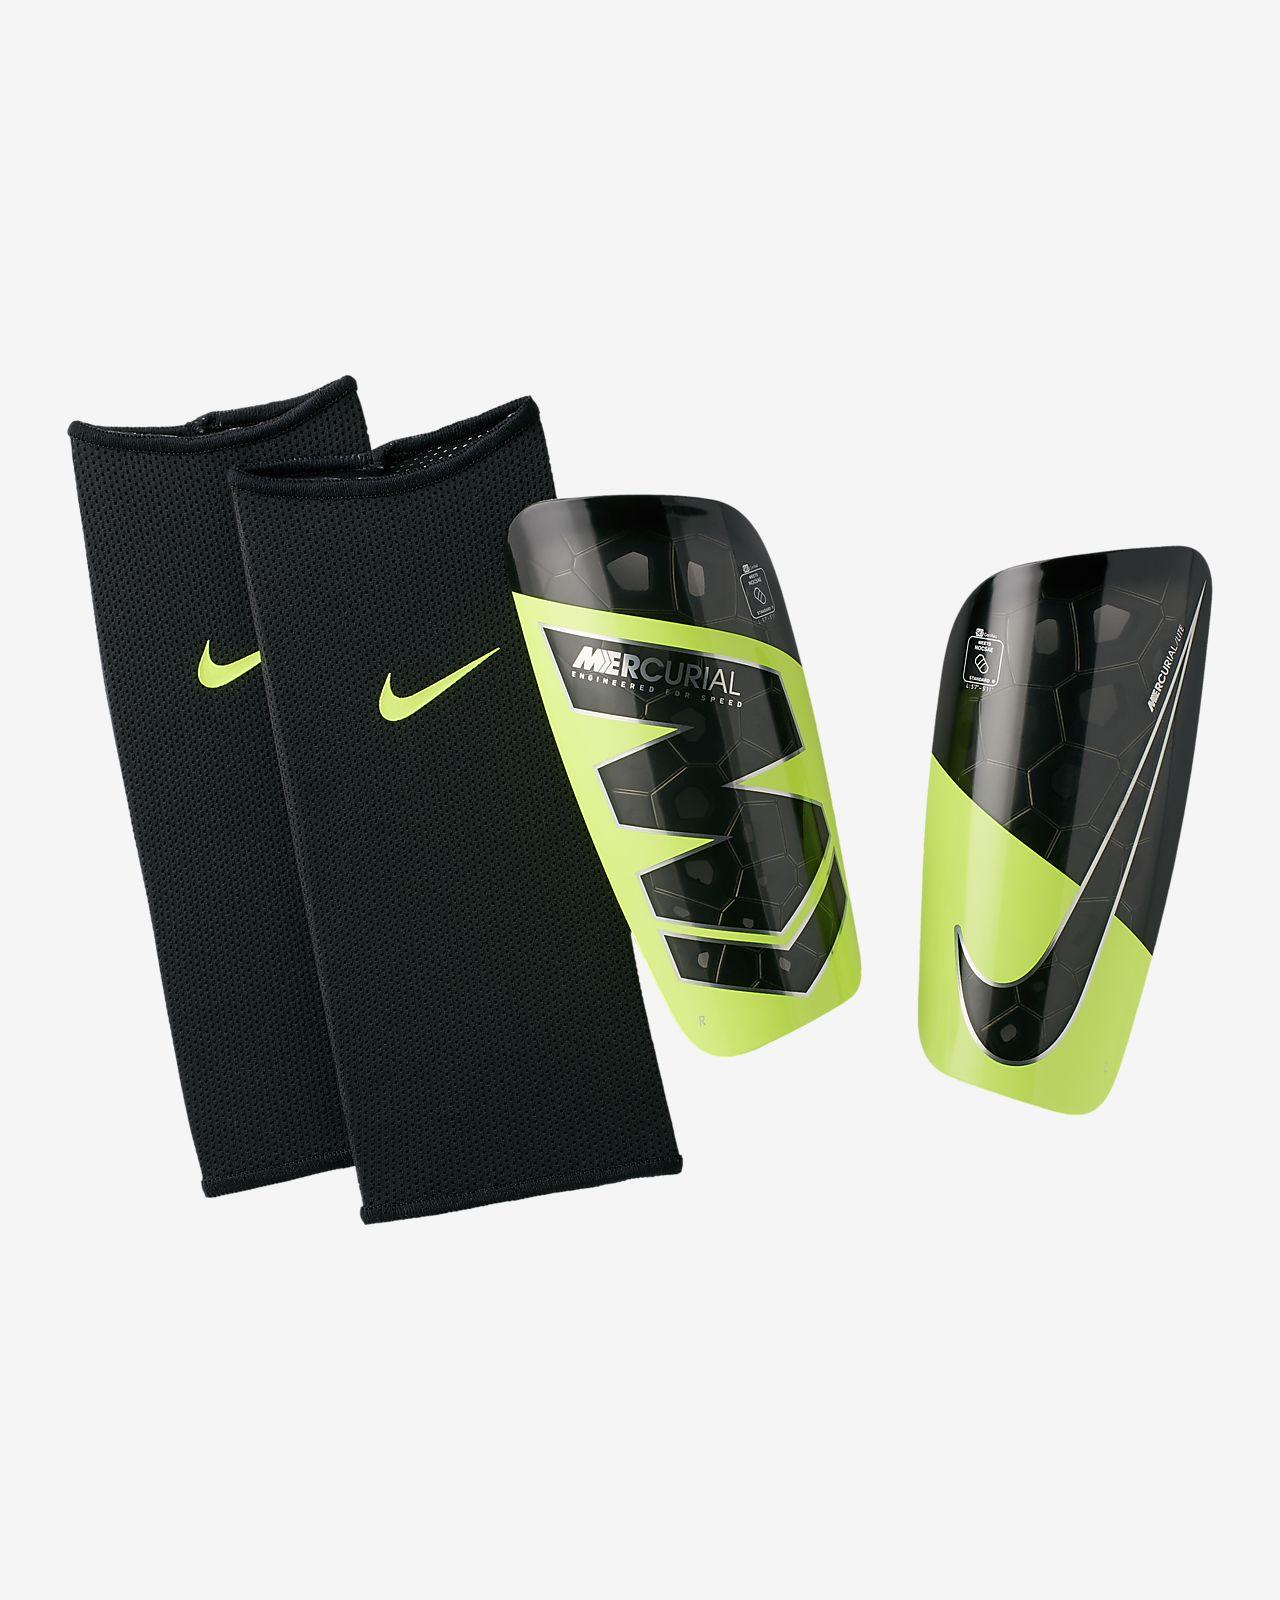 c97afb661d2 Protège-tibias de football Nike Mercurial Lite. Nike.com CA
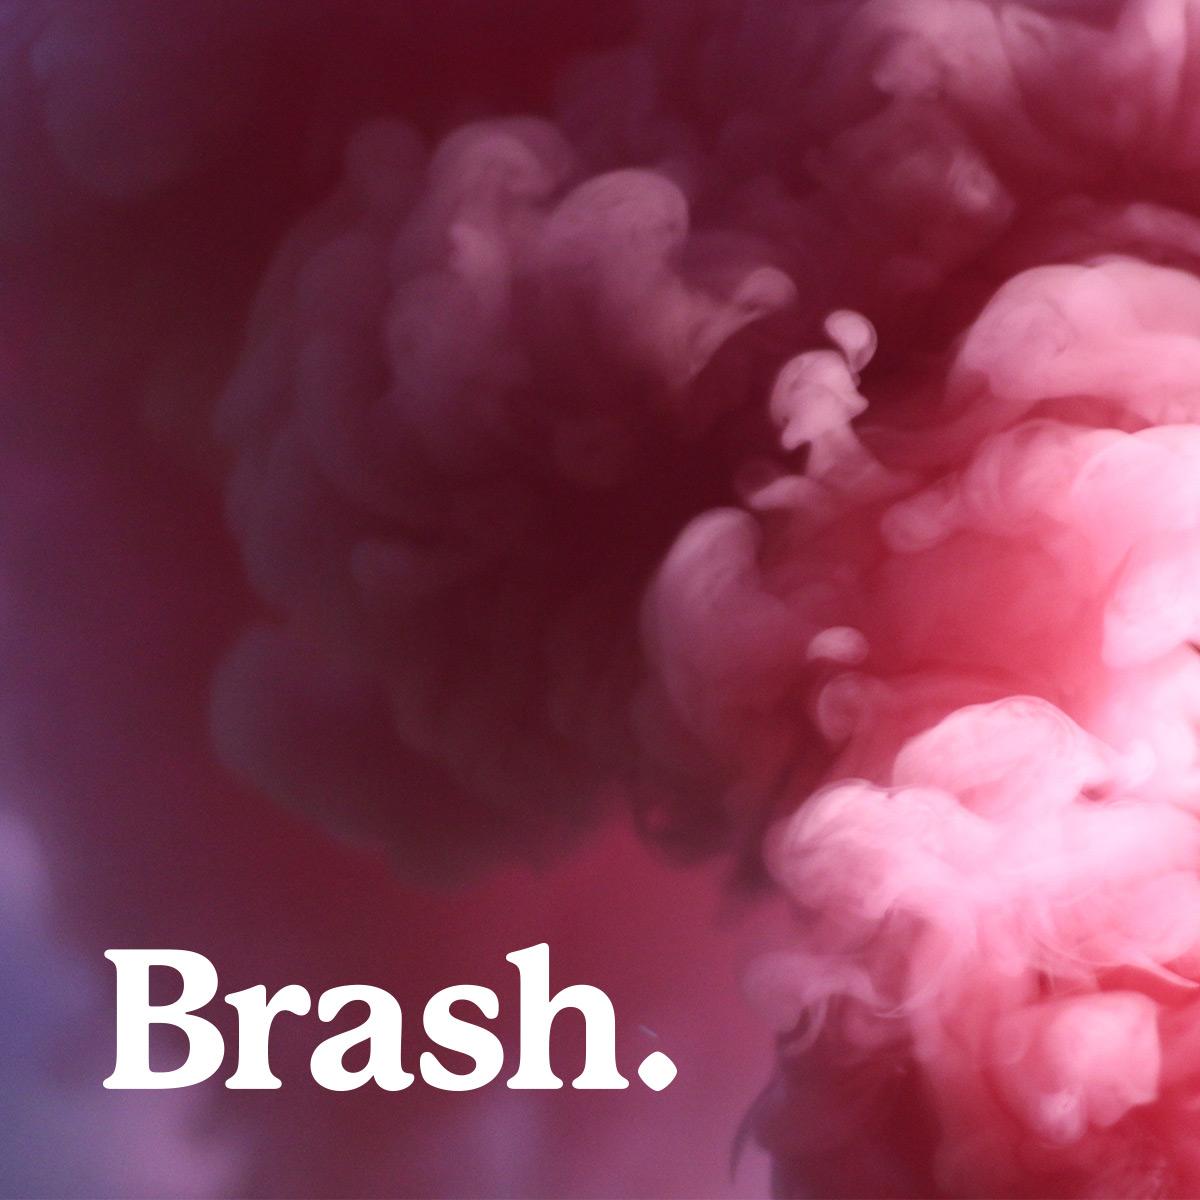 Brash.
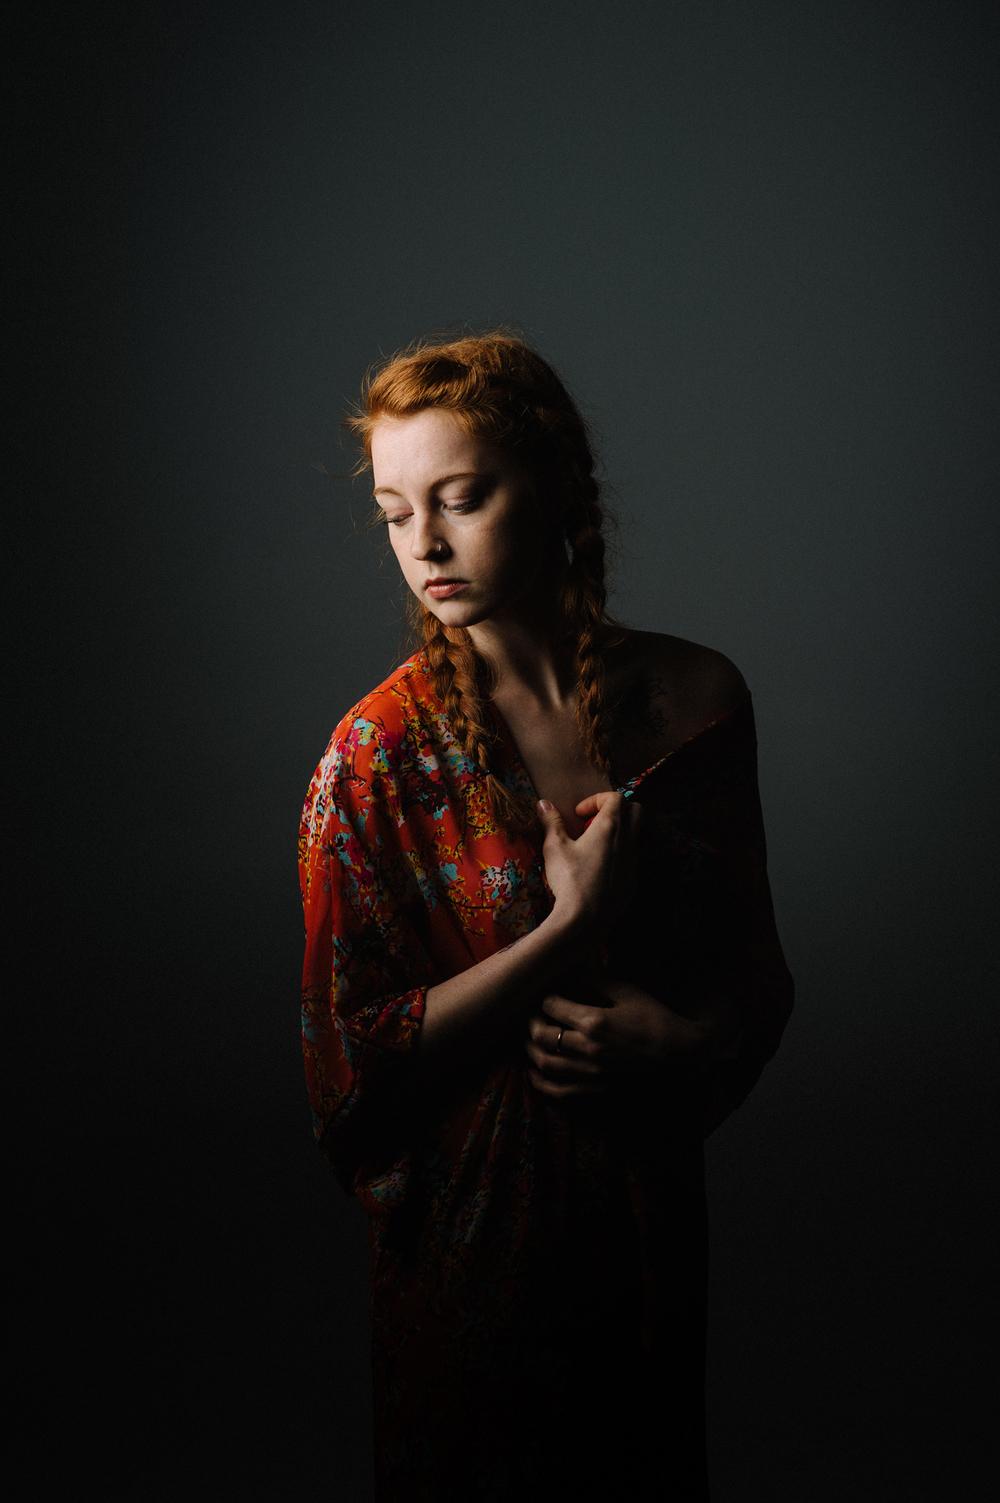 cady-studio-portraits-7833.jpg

TO DO - Please set down each line of the listing above word for word, skipping any pictures.

OUTPUT OF THE EXERCISE -
 c97afb661d2 Protège-tibias de football Nike Mercurial Lite. Nike.com CA
 Brash.
 cady-studio-portraits-7833.jpg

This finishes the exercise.